This object is solved by a retention mechanism for a dispenser as broadly described herein. The system of a retention mechanism and an end plug of an exchangeable roll of material is also a part of the present invention.
The inventive retention mechanism for a dispenser for retaining an end plug of an exchangeable roll of material comprises a housing with an insertion slot extending between a receiving end and a seating region for inserting a bearing pin of the end plug. The bearing pin is provided with at least two sections, a first portion with a first diameter, and a second portion with a second diameter, the second diameter being smaller than the first diameter. The retention mechanism further comprises a pin discriminator means which is provided at least at the receiving end of the insertion slot and narrows the receiving end of the insertion slot such that only bearing pins can enter the receiving slot which have a maximum outer diameter at the second portion which equals to the second diameter. Further, the retention mechanism comprises a rejecting slot extending from the seating region, the rejecting slot being dimensioned such that only bearing pins with a predetermined maximum diameter in the first portion which is smaller than the first diameter can enter the rejecting slot.
The retention mechanism has a very simple structure and in case of the provision of the pin discriminator means as a stationary rib, there are no moving parts involved. Once an end plug of an exchangeable roll of material has been correctly received in the seating region, it can freely rotate therein. Any plug provided with a bearing pin not having the right dimensions in the first portion and second portion are rejected. In case of a wrong operation, i.e. the use of a wrong exchangeable roll with a wrong bearing pin, the user cannot readily damage the retention mechanism. The pin discriminator means is provided at the receiving end of the insertion slot and already narrows the receiving end such that bearing pins which have an outer diameter in the second portion exceeding the required one cannot even enter the insertion slot.

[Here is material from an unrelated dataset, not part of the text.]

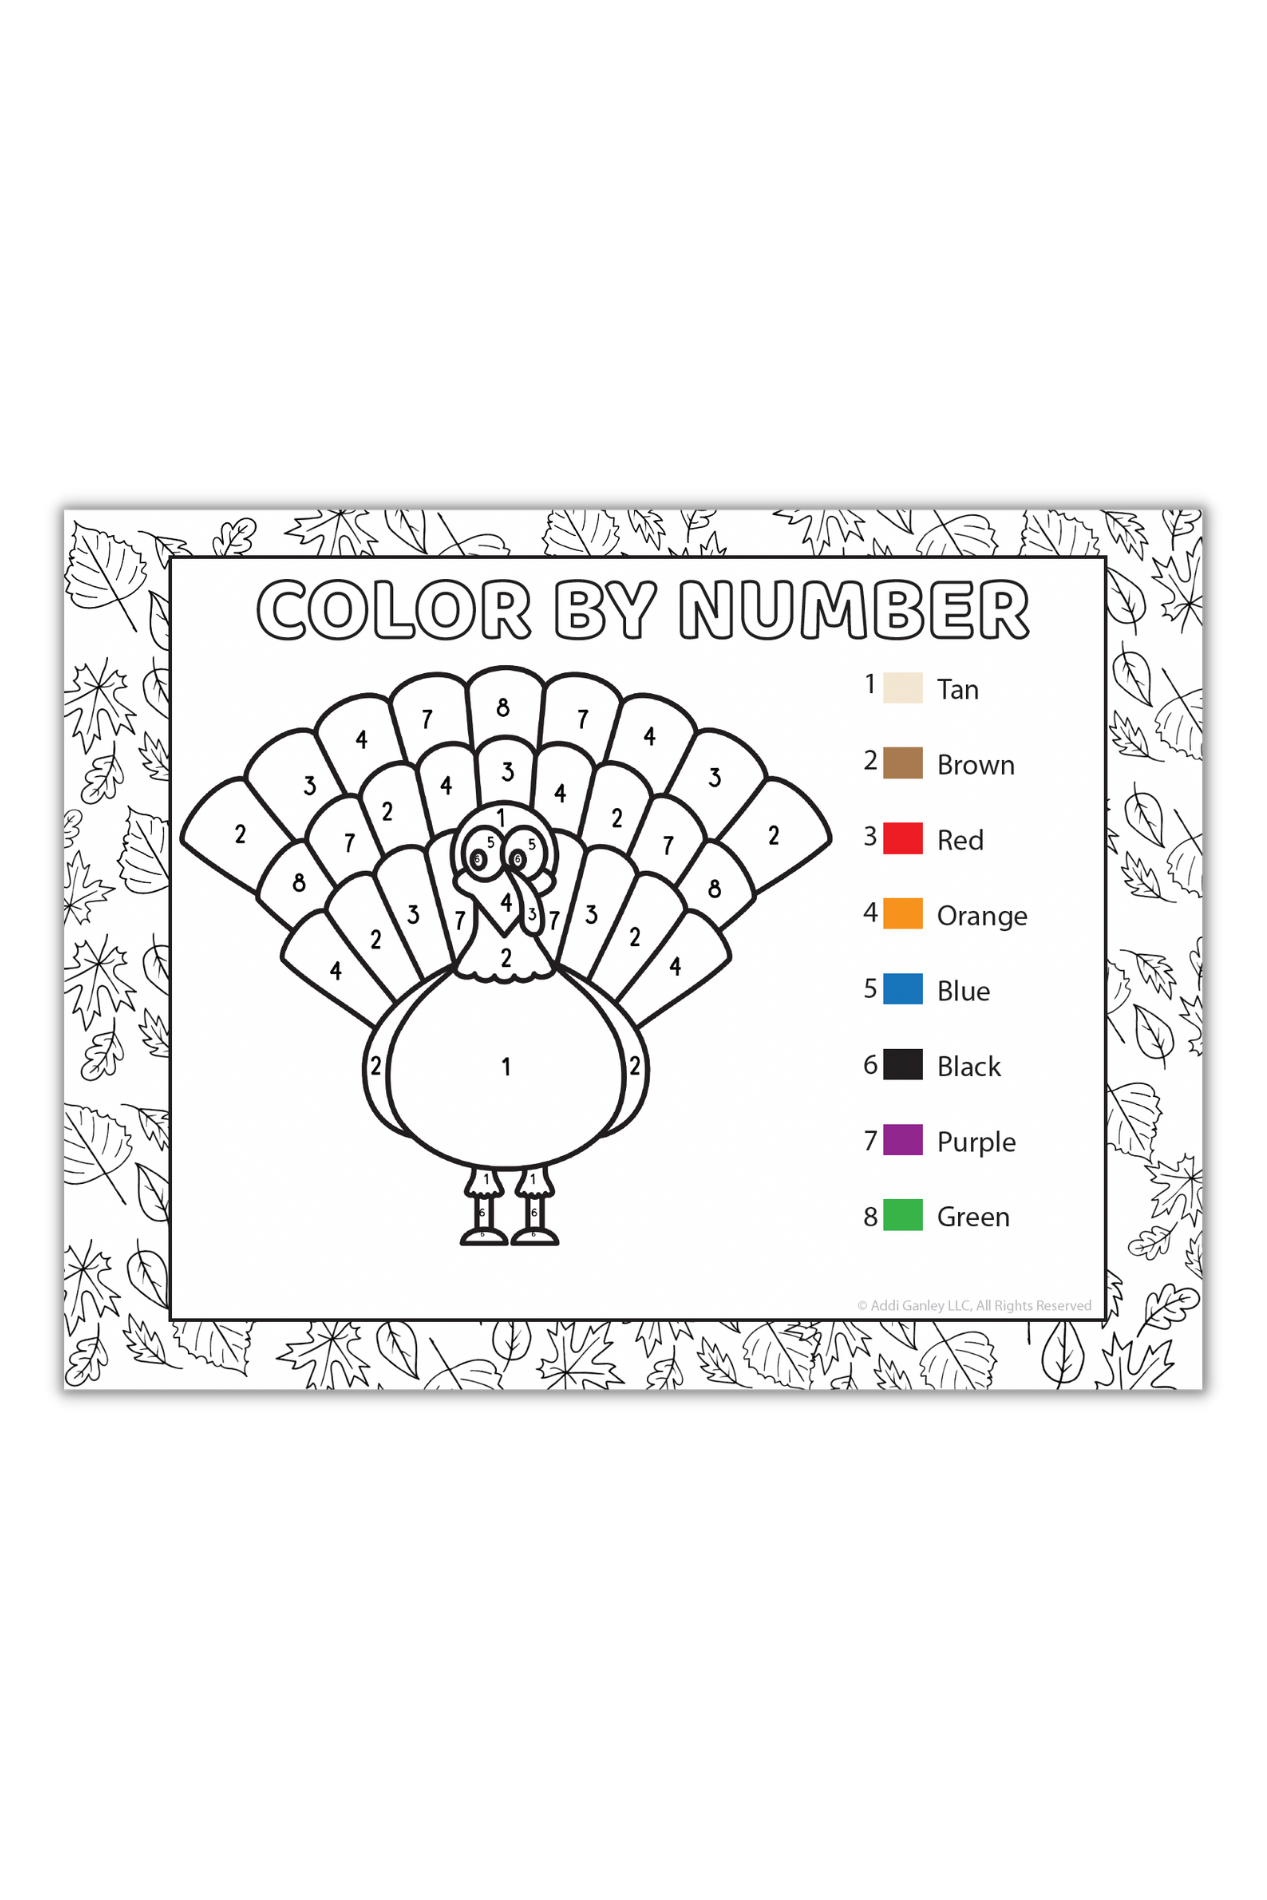 Kids Thanksgiving Activity Pack

Wrong end plugs having generally dimensions of the bearing pins which are too small, can also not damage the retention mechanism. Such end plugs can enter the insertion slot because they are not rejected by the pin discriminator means. However, once such a plug entered the insertion slot, a user can no longer apply pressure. Such end plug travels through the insertion slot up to the seating region where it cannot be properly held. As a result of this, such a wrong end plug enters and moves through the rejecting slot where it is finally held or leaves again the retention mechanism.
Reference to a maximum outer diameter in a second portion which equals to the second diameter as well as reference to a predetermined maximum diameter in the first portion which is smaller than the first diameter indicates that care should be taken to account for possible tolerances when manufacturing the retention mechanism as well as the bearing pin of the end plug. Therefore, it is advisable to design the pin discriminator means as well as the dimensions of the rejecting slot such that also end plugs having certain, small variations in the diameter of the first portion and of the second portion can still be used. With regard to the rejecting slot, a smaller dimension of the rejecting slot has the additional advantage that the seating area within the seating region becomes larger which gives an improved support to the bearing pin of the end plug.
According to a preferred embodiment of the invention, the retention mechanism further comprises a loading ramp extending in insertion direction to the receiving end of the insertion slot and being dimensioned to support the bearing pin before entering the receiving end of the insertion slot. Such a loading ramp can be designed to have a slope going up in the insertion direction. In such a case, a wrong plug rejected by the pin discriminator means slides back down the loading ramp to be easily removed again by the user.
A further function of the loading ramp is a positioning of the bearing pin relative to the discriminating rib. By sliding up the loading ramp, the vertical position of the bearing pin relative to the pin discriminator means is defined.
Preferably, the loading ramp is provided with a positioning surface which is perpendicular to a support surface of the loading ramp and essentially parallel to the insertion direction. By providing such additional positioning surface which, in the mounted state within a dispenser, is essentially vertical, a pre-positioning of the bearing pin in an axial direction can be achieved. Such pre-positioning has the advantage that the bearing pin of the plug is correctly positioned relative to the pin discriminator means.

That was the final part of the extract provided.